[The task]: Restate every line below word for word, but drop each picture.

[Data]:
--------------------------------------------------
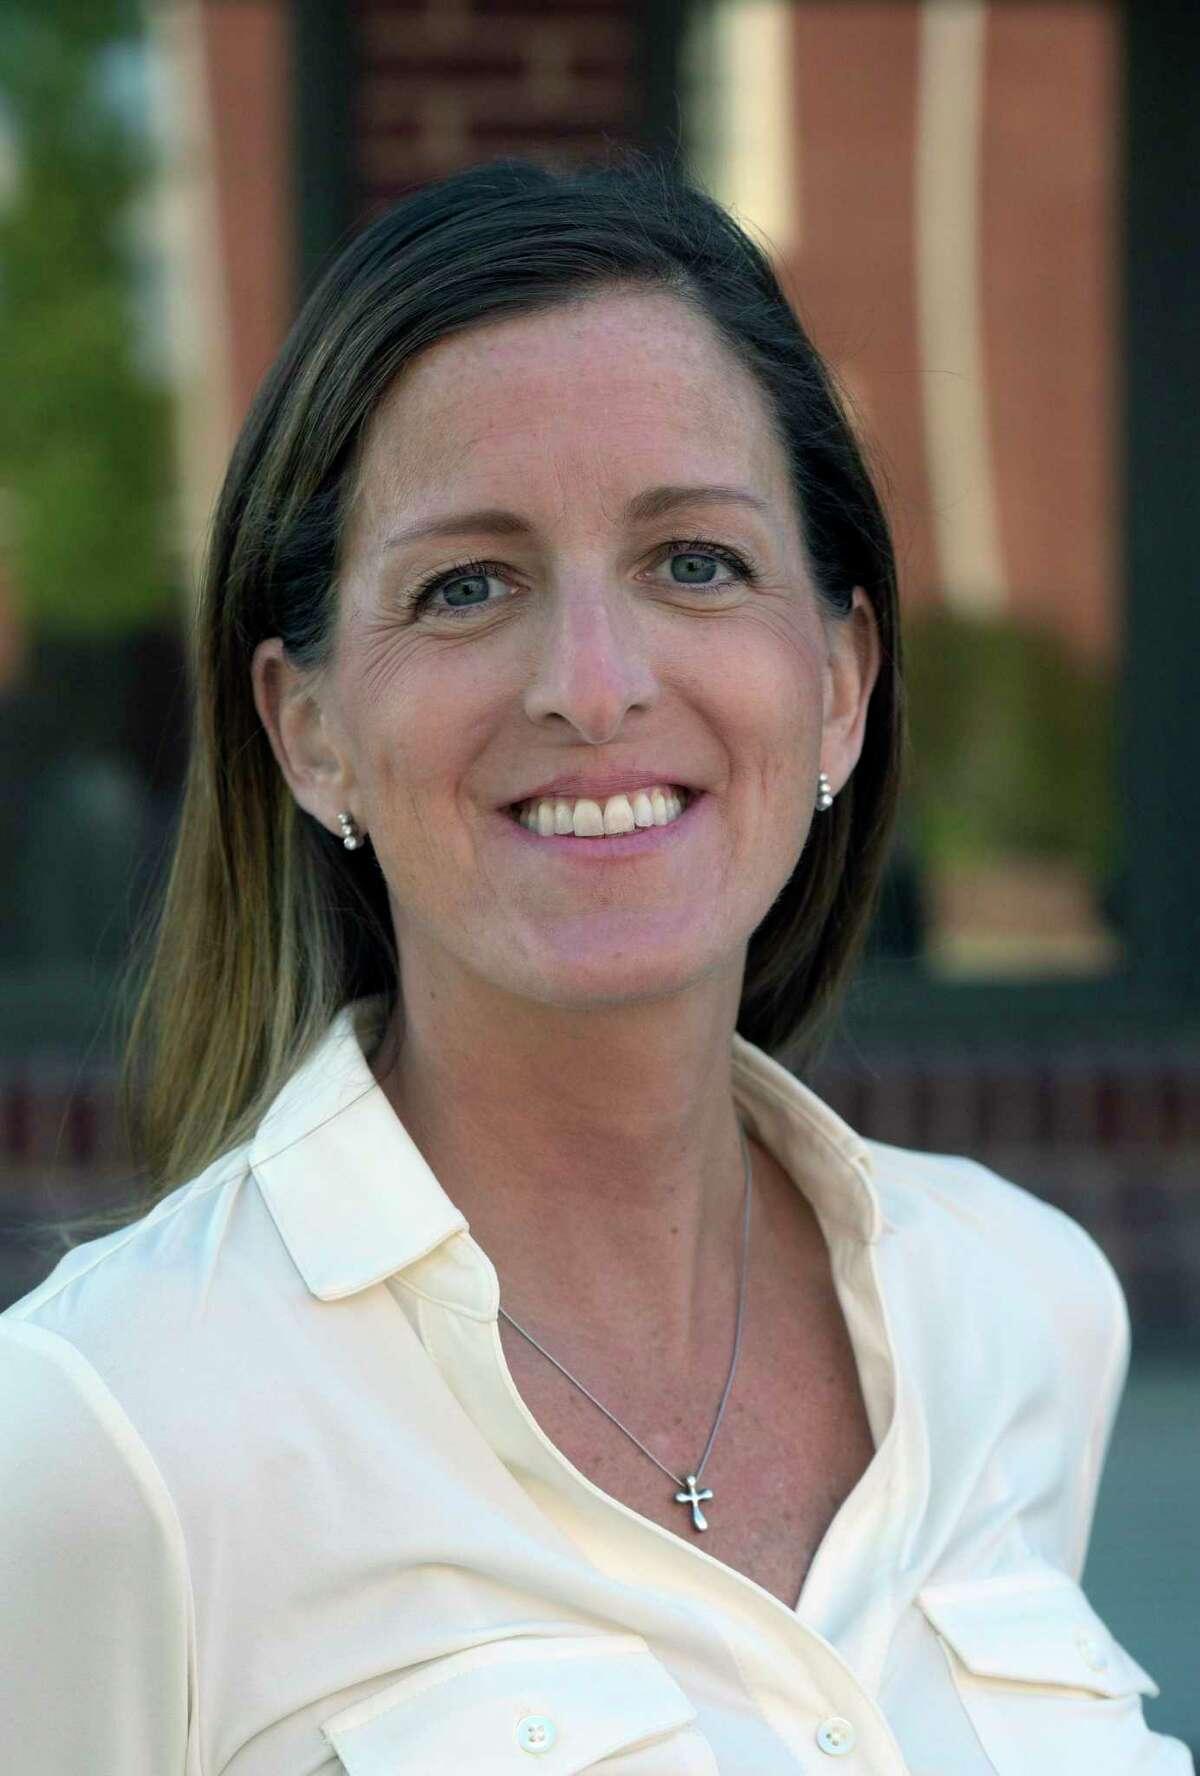 Republican Tara Carr, Republican, is running for first selectman in Brookfield. Friday, October 1, 2021, Danbury, Conn.
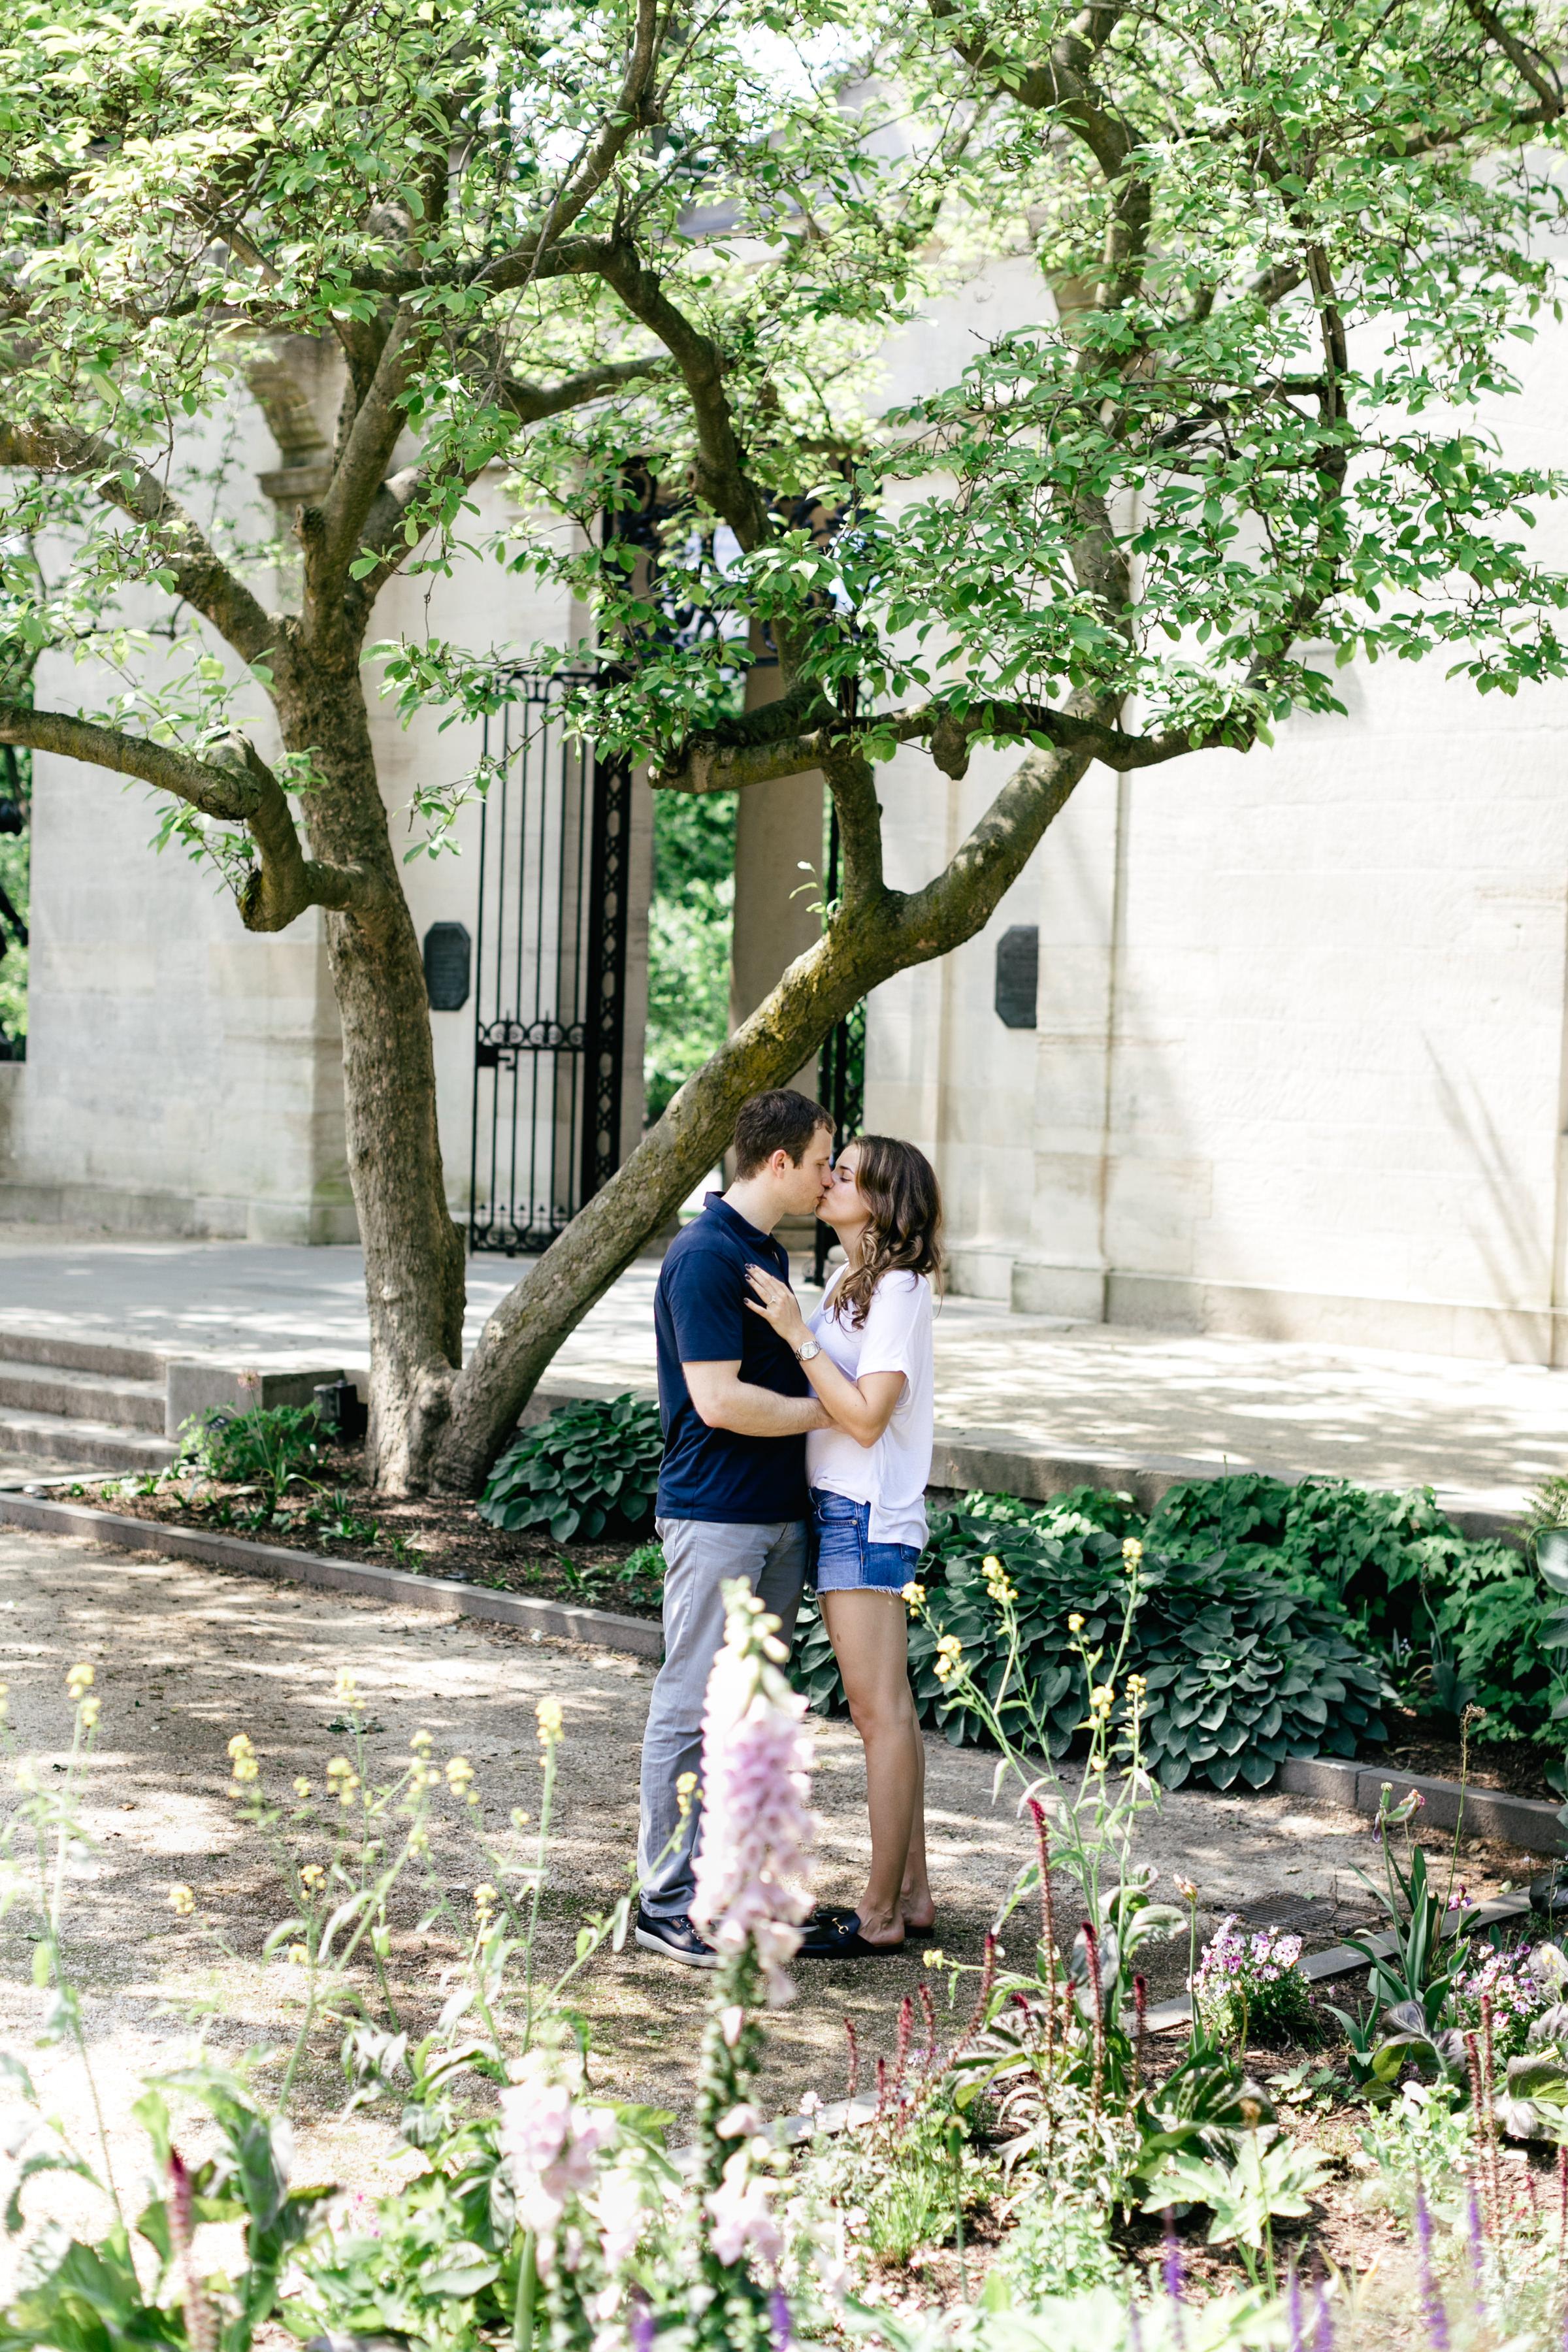 photography-natural-candid-engaged-proposal-philadelphia-wedding-rodin museum-barnes foundation-parkway-modern-lifestyle-08.JPG
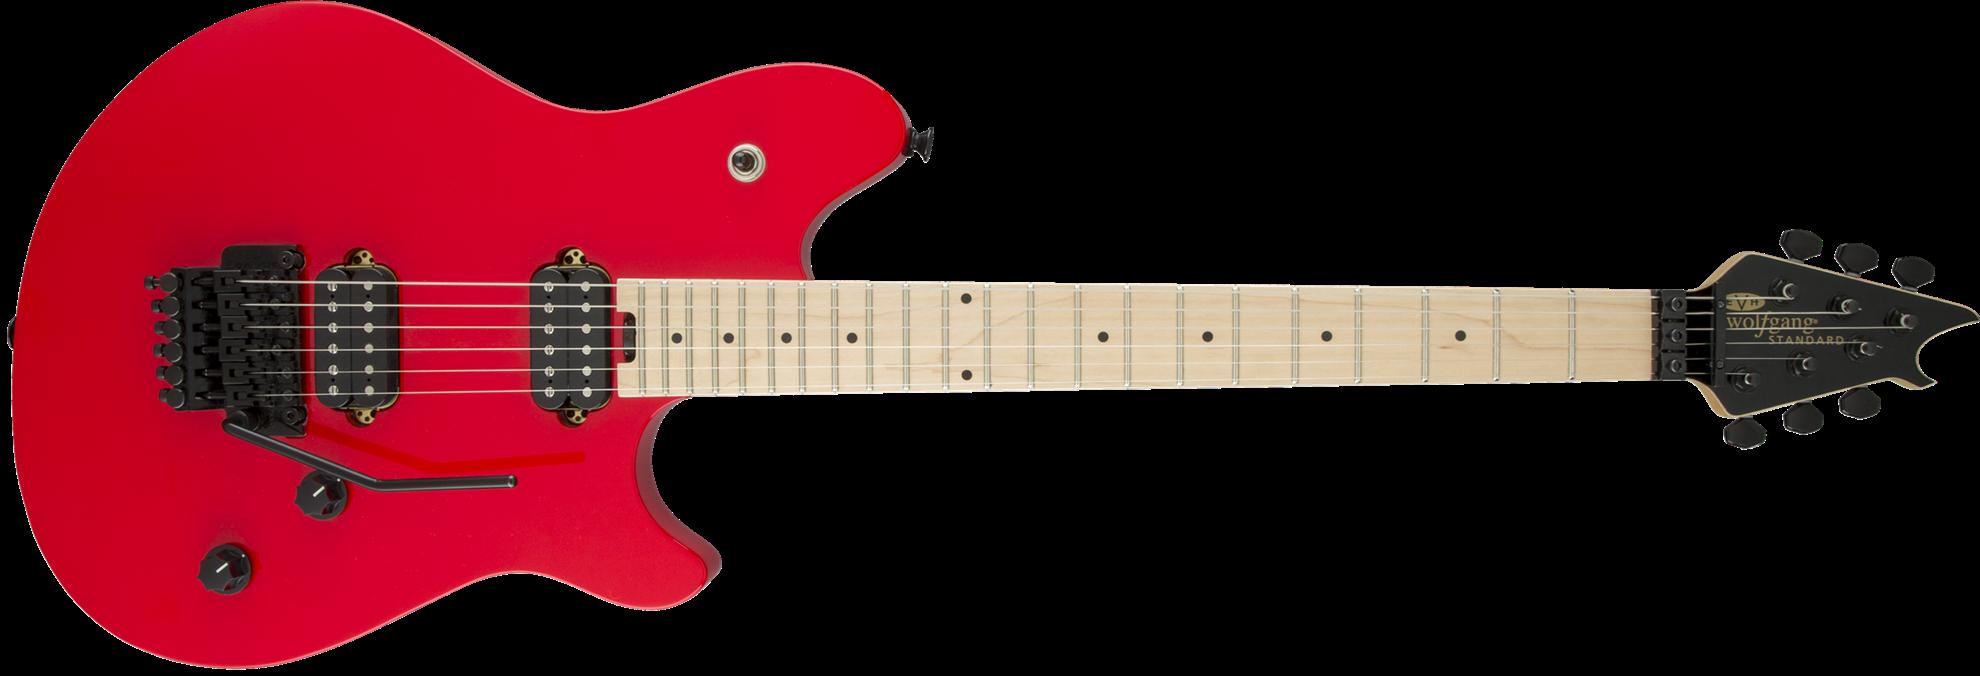 evh wolfgang standard hh floyd rose maple neck electric guitar ferrari red perth mega music. Black Bedroom Furniture Sets. Home Design Ideas
--------------------------------------------------
[Output for this exercise]:
 Republican Tara Carr, Republican, is running for first selectman in Brookfield. Friday, October 1, 2021, Danbury, Conn.
 photography-natural-candid-engaged-proposal-philadelphia-wedding-rodin museum-barnes foundation-parkway-modern-lifestyle-08.JPG
 evh wolfgang standard hh floyd rose maple neck electric guitar ferrari red perth mega music. Black Bedroom Furniture Sets. Home Design Ideas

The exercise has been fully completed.